To maximize the benefits of IVRs, it is critical to minimize conversion loss and on-die area overhead while providing a wide range of output voltage for DVFS. Linear regulators incur larger conversion loss as output voltage is reduced for DVFS. Widely used buck converters (inductor-based) require large inductors, which is especially problematic for on-die integration. We presented a 3-level IVR that enables a smaller on-chip spiral inductor (1nH) compared to a buck converter [ISSCC '11].

Although various on-chip regulator overheads eat into benefits of fast, per-core DVFS, architectural investigations demonstrate the potential for significant energy savings, especially for memory-bound workloads [HPCA '08][ASGI '07].
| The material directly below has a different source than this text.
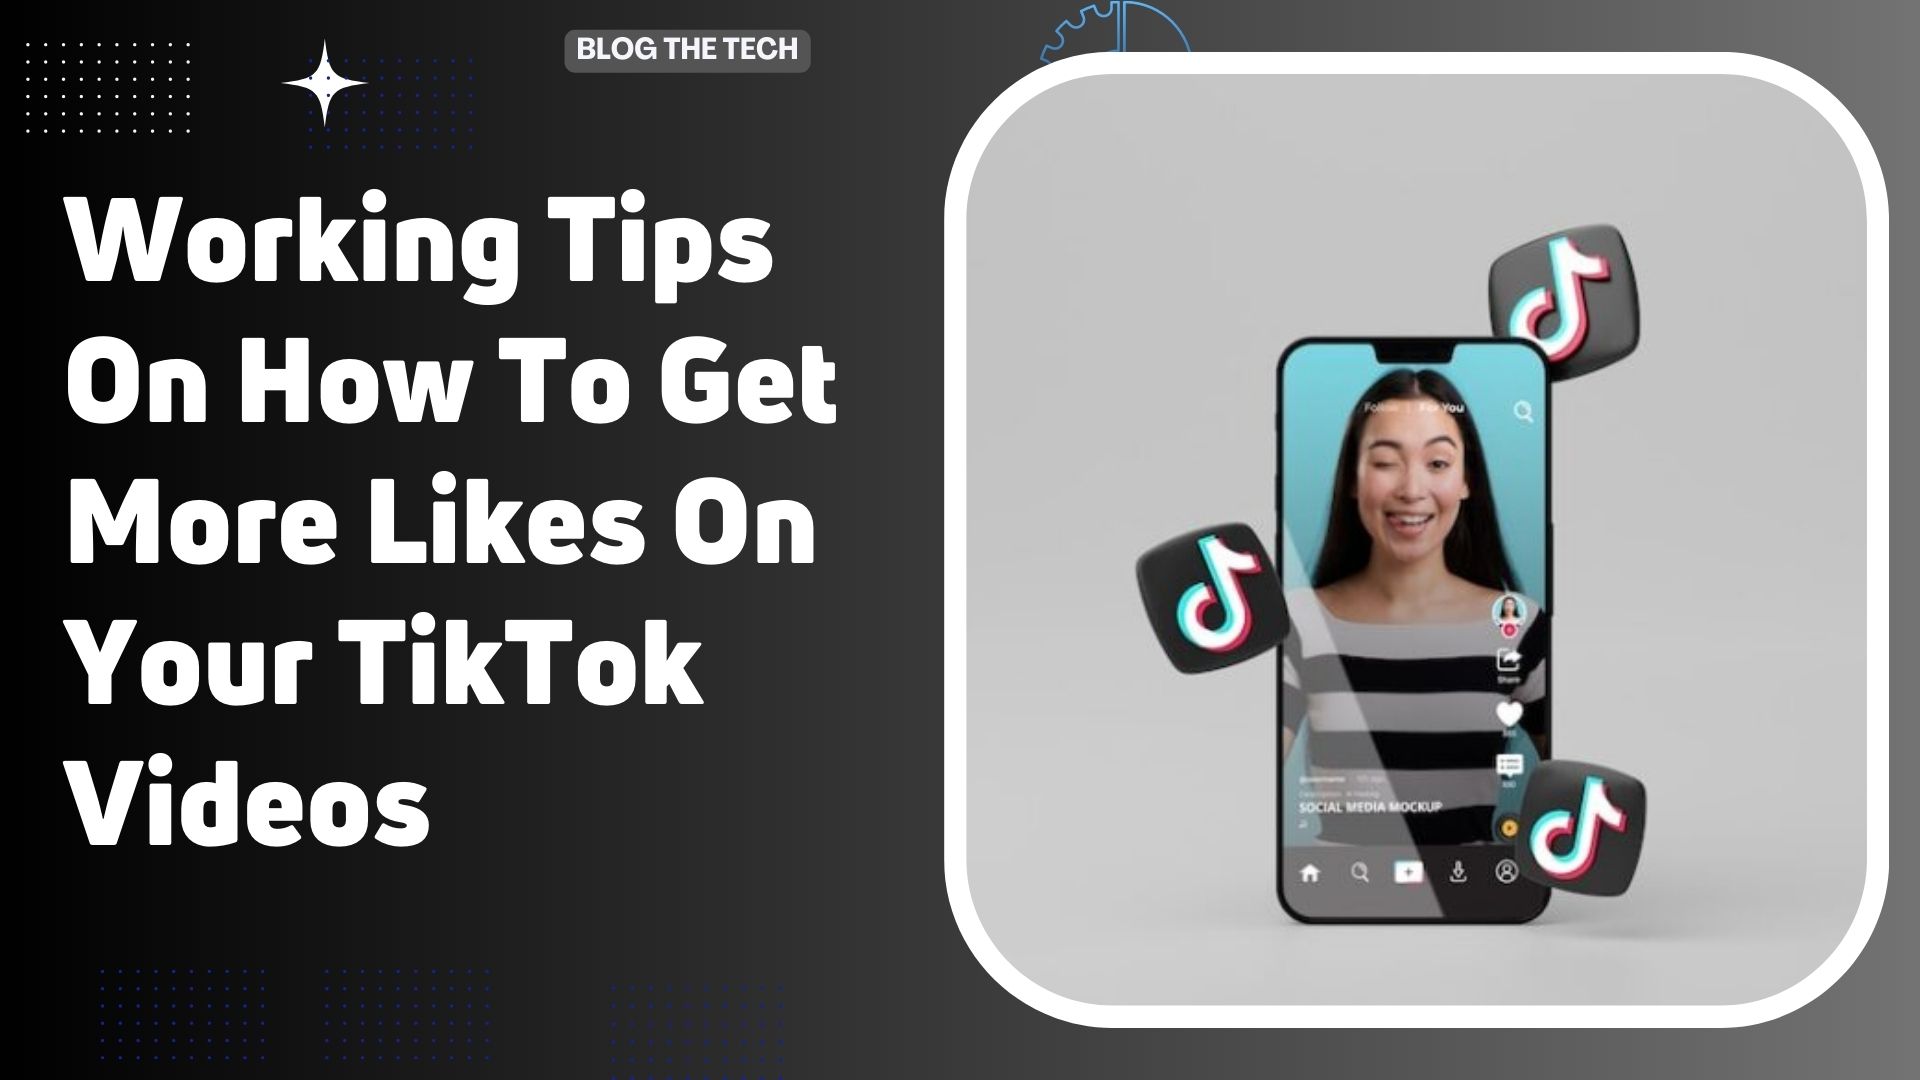 8 Working Tips On How To Get More Likes On TikTok Videos

IVRs also enable fewer PCB components compared to only using conventional off-chip DC-DC converters (Figure 3). Power management IC (PMIC) chips in handsets provide multiple voltages to the SoC using multiple inductors and capacitors on the PCB. For example, the Tegra 2 SoC uses one voltage for the high-frequency ARM cores, while using a second voltage for other IP blocks running at lower frequencies [link]. Using IVRs, the SoC receives a single voltage and steps it down to multiple voltage within the chip, reducing the number of inductors required on the PCB. Since IVRs can provide tight voltage regulation, less regulation is needed on V3 (2V), allowing fewer capacitors on the PCB.

Fig 3. Power delivery path of conventional and SoC using IVRs. IVRs enable fewer pcb components.

In conclusion, IVRs have the potential to 1) reduce power of multi-core SoCs, 2) reduce the number of PCB components and 3) enable lighter, thinner portable electronics. IVRs can be used in high-performance processors and FPGAs as well as low-power SoCs.